On May 30, we issued an updated research report on Williams-Sonoma, Inc. WSM – a multi-channel specialty retailer of premium quality home products.
Strategic initiatives, innovative marketing techniques, focus on innovation and retail optimization has been driving growth for the company. However, comparable brand revenues have been sluggish for several quarters owing to soft retail environment and cautious customers.
Notably, Williams-Sonoma’s shares have gained 0.2% year to date, as against the 10.3% decline of the Retail-Home Furnishings industry. The company recently reported first-quarter fiscal 2017 results wherein earnings and revenues surpassed the consensus mark.
Q1 Highlights
Adjusted earnings per share of 51 cents beat the Zacks Consensus Estimate by 6.3% but declined 3.8% from the year-ago level.
Net revenue of $1.112 billion was slightly above the Zacks Consensus Estimate of $1.107 billion. Net sales increased 1.2% year over year on strong growth at West Elm and Williams-Sonoma brands, along with newer businesses like Rejuvenation and Mark and Graham and international businesses.

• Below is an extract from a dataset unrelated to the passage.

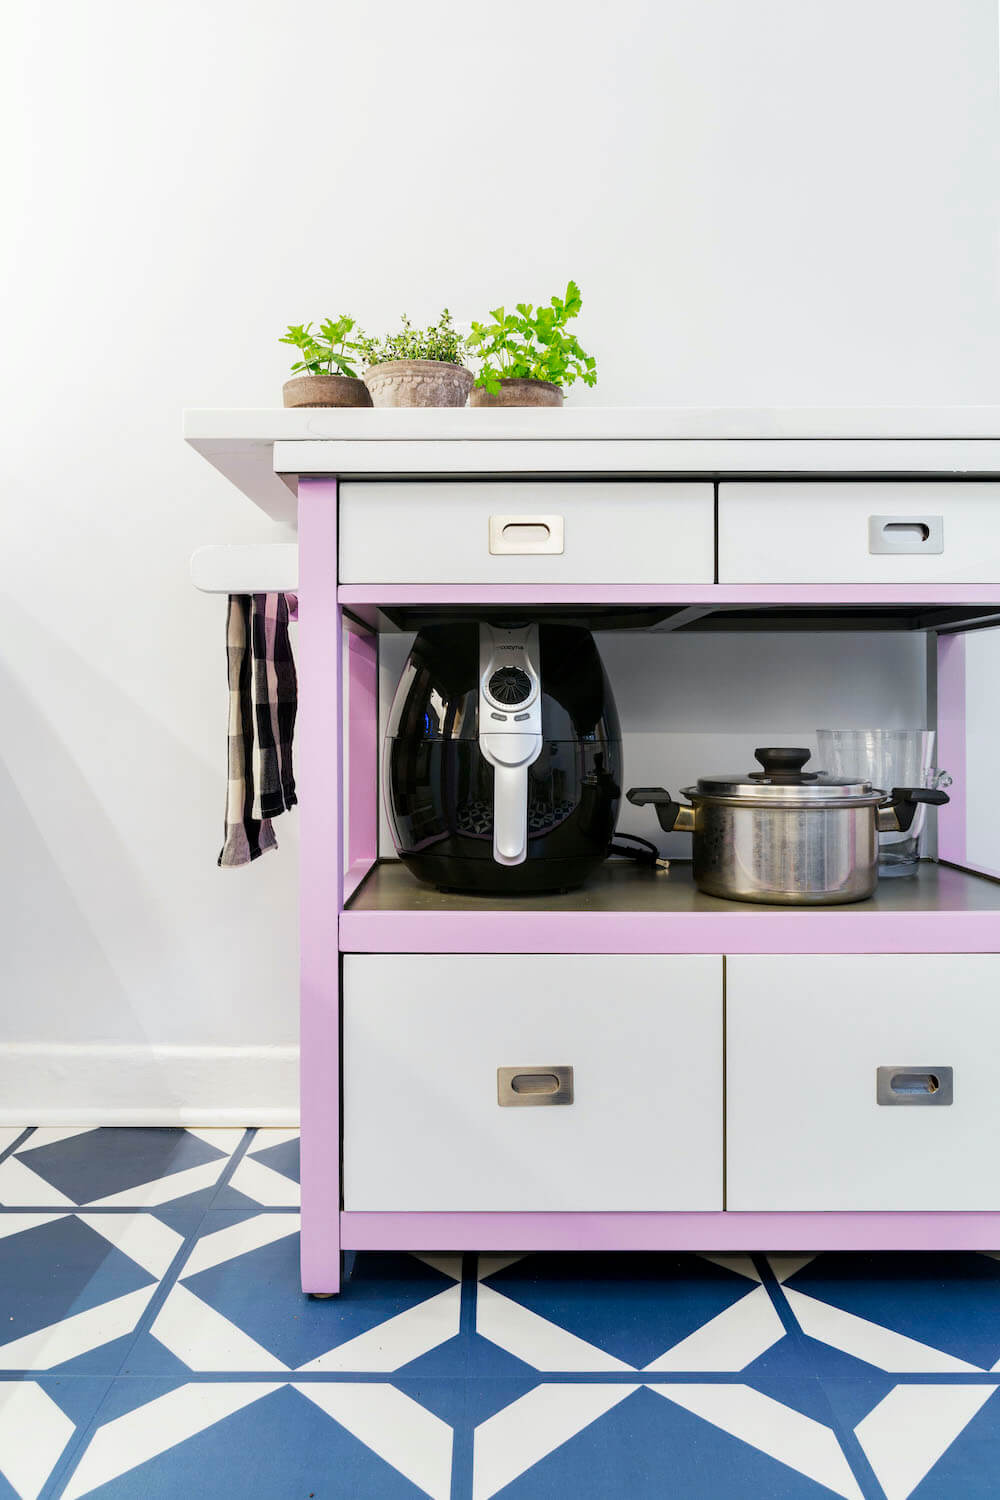 Image of a small kitchen island painted purple

Comparable brand revenues increased 0.1% in the quarter, significantly lower than the 4.5% increase in the preceding quarter.
E-commerce segment revenues were up 0.7% while that at Retail segment increased 1.8% year over year.
Adjusted operating margin was 6.1% in the quarter, down 90 basis points (bps) from the year-ago quarter.
Key Positives
Williams-Sonoma is one of the largest e-commerce retailers in the U.S. The segment contributed about 52% to revenues in fiscal 2016 and the first quarter of fiscal 2017. Also the company’s investment in merchandising of its brands, efficient catalog circulations and digital marketing boost its e-commerce revenues.
Product innovation plays a huge role in the company’s success. There is consistent demand for new products, which should match the changing preference of consumers. Williams-Sonoma addresses this demand very well. The company has studios which provide infrastructure for development of products, techniques and collaboration with other artists.
Williams-Sonoma is focused on enhancing customer experience through improved and innovative marketing techniques. In the first quarter of fiscal 2017, the company increased its digital advertising spend, which led to strong growth across all brands. The company will continue to find innovative marketing strategies to identify and target custom audiences.
Concerns
Williams-Sonoma has been reporting soft comparable brand revenues for quite some time. The rate of increase of comparable brand revenues has decreased significantly. The PBteen brand has been hurt the most, reporting a 6.2% decline in comparable brand revenues in 2016 compared with a 2.7% fall in 2015. Comparable brand revenues of PBteen brand decreased 14.3% in the first quarter of fiscal 2017, as against a 1.9% increase in the year-ago quarter. In fact, the company expects comparable brand revenues growth in the modest 1–3% range for 2017.
Williams-Sonoma is dependent on consumer discretionary spending, which is affected by general macroeconomic conditions, consumer confidence, employment levels and other factors. Despite moderate improvement in economic growth, consumers are increasing their spending only modestly. The federal government’s actions related to economic stimulus, taxation, borrowing limits could affect consumer confidence and spending levels which, in turn, could hurt the economy.
Zacks Rank & Stocks to Consider
Williams-Sonoma carries a Zacks Rank #3 (Hold).
Better-ranked stocks in the Retail-Wholesale sector include Darden Restaurants, Inc. DRI, Red Robin Gourmet Burgers, Inc. RRGB and Yum China Holdings Inc. YUMC.
Red Robin Gourmet sports a Zacks Rank #1 (Strong Buy). Full-year 2017 earnings for the company are expected to increase 2.8%. You can see the complete list of today’s Zacks #1 Rank stocks here.
Yum China, a Zacks Rank #2 (Buy) stock, is likely to witness 10.7% earnings growth in 2017.
Darden, also a Zacks Rank #2 stock, is expected to witness 12.9% growth in fiscal 2017 earnings.